Action item -> What do the lines from the one containing "Möhkö_1967-2014" through the end of the entries say? Quote them exactly, and only them.

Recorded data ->
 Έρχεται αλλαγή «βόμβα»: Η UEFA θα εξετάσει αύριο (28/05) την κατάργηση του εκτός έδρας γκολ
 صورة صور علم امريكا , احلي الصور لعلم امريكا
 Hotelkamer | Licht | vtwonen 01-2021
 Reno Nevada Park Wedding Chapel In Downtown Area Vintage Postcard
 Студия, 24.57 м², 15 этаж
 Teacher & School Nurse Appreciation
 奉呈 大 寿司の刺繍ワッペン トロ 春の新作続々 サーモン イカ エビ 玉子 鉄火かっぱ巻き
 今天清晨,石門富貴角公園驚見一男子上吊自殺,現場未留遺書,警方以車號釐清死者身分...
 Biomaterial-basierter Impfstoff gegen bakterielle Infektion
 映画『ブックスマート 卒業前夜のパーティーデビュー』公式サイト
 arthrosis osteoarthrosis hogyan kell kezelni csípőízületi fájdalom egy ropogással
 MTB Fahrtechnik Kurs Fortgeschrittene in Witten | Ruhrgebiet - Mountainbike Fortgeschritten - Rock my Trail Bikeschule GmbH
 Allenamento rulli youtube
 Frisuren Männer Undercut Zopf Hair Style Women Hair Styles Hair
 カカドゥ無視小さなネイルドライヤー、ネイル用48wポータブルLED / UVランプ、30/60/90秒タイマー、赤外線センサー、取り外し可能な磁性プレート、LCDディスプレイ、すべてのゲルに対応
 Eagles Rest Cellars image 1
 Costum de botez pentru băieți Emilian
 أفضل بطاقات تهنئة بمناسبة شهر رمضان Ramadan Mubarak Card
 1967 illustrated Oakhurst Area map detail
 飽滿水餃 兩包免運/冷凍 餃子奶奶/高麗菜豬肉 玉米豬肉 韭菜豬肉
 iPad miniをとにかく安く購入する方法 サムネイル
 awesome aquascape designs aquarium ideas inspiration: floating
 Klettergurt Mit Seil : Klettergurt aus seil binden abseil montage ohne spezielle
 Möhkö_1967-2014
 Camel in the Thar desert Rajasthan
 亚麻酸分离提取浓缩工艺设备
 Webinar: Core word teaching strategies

Exercise result ->
 Möhkö_1967-2014
 Camel in the Thar desert Rajasthan
 亚麻酸分离提取浓缩工艺设备
 Webinar: Core word teaching strategies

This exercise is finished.